### Excerpted data
────────────────────

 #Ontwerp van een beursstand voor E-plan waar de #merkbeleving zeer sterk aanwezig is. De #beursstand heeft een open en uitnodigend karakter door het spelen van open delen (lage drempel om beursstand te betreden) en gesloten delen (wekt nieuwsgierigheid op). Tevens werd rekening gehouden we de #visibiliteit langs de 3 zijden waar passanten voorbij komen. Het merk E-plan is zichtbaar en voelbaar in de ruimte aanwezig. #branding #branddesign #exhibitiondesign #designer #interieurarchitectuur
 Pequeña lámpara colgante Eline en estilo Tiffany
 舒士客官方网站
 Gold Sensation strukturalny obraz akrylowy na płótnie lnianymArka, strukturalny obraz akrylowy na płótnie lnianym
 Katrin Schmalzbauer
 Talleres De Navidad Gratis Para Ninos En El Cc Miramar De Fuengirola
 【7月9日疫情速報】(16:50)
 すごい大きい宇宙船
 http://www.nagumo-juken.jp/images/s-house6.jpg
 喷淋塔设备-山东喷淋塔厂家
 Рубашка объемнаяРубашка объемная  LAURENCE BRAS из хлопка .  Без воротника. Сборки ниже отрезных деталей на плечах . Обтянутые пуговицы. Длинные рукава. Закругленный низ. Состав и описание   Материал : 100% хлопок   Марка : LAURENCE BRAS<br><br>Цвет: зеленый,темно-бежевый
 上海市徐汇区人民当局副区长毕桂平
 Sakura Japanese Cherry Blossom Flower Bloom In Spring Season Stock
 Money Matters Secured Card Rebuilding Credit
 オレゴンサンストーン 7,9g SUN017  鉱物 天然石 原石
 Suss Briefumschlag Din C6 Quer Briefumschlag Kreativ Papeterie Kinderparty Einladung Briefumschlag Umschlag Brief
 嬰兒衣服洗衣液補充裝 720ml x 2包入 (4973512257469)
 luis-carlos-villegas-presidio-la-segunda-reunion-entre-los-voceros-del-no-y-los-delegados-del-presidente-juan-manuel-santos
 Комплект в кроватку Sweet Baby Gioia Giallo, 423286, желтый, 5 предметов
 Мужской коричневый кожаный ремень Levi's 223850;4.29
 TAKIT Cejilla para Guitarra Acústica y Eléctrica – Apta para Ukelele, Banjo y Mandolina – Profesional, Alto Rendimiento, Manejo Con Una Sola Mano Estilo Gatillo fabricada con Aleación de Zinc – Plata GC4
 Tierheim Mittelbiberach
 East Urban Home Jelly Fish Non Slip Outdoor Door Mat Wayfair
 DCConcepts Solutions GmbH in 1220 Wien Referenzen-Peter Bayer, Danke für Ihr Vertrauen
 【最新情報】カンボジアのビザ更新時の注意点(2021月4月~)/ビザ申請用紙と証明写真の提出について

────────────────────

### Problem to solve
Reproduce every record that appears above, keeping the wording exact.

### Result of this task
 #Ontwerp van een beursstand voor E-plan waar de #merkbeleving zeer sterk aanwezig is. De #beursstand heeft een open en uitnodigend karakter door het spelen van open delen (lage drempel om beursstand te betreden) en gesloten delen (wekt nieuwsgierigheid op). Tevens werd rekening gehouden we de #visibiliteit langs de 3 zijden waar passanten voorbij komen. Het merk E-plan is zichtbaar en voelbaar in de ruimte aanwezig. #branding #branddesign #exhibitiondesign #designer #interieurarchitectuur
 Pequeña lámpara colgante Eline en estilo Tiffany
 舒士客官方网站
 Gold Sensation strukturalny obraz akrylowy na płótnie lnianymArka, strukturalny obraz akrylowy na płótnie lnianym
 Katrin Schmalzbauer
 Talleres De Navidad Gratis Para Ninos En El Cc Miramar De Fuengirola
 【7月9日疫情速報】(16:50)
 すごい大きい宇宙船
 http://www.nagumo-juken.jp/images/s-house6.jpg
 喷淋塔设备-山东喷淋塔厂家
 Рубашка объемнаяРубашка объемная  LAURENCE BRAS из хлопка .  Без воротника. Сборки ниже отрезных деталей на плечах . Обтянутые пуговицы. Длинные рукава. Закругленный низ. Состав и описание   Материал : 100% хлопок   Марка : LAURENCE BRAS<br><br>Цвет: зеленый,темно-бежевый
 上海市徐汇区人民当局副区长毕桂平
 Sakura Japanese Cherry Blossom Flower Bloom In Spring Season Stock
 Money Matters Secured Card Rebuilding Credit
 オレゴンサンストーン 7,9g SUN017  鉱物 天然石 原石
 Suss Briefumschlag Din C6 Quer Briefumschlag Kreativ Papeterie Kinderparty Einladung Briefumschlag Umschlag Brief
 嬰兒衣服洗衣液補充裝 720ml x 2包入 (4973512257469)
 luis-carlos-villegas-presidio-la-segunda-reunion-entre-los-voceros-del-no-y-los-delegados-del-presidente-juan-manuel-santos
 Комплект в кроватку Sweet Baby Gioia Giallo, 423286, желтый, 5 предметов
 Мужской коричневый кожаный ремень Levi's 223850;4.29
 TAKIT Cejilla para Guitarra Acústica y Eléctrica – Apta para Ukelele, Banjo y Mandolina – Profesional, Alto Rendimiento, Manejo Con Una Sola Mano Estilo Gatillo fabricada con Aleación de Zinc – Plata GC4
 Tierheim Mittelbiberach
 East Urban Home Jelly Fish Non Slip Outdoor Door Mat Wayfair
 DCConcepts Solutions GmbH in 1220 Wien Referenzen-Peter Bayer, Danke für Ihr Vertrauen
 【最新情報】カンボジアのビザ更新時の注意点(2021月4月~)/ビザ申請用紙と証明写真の提出について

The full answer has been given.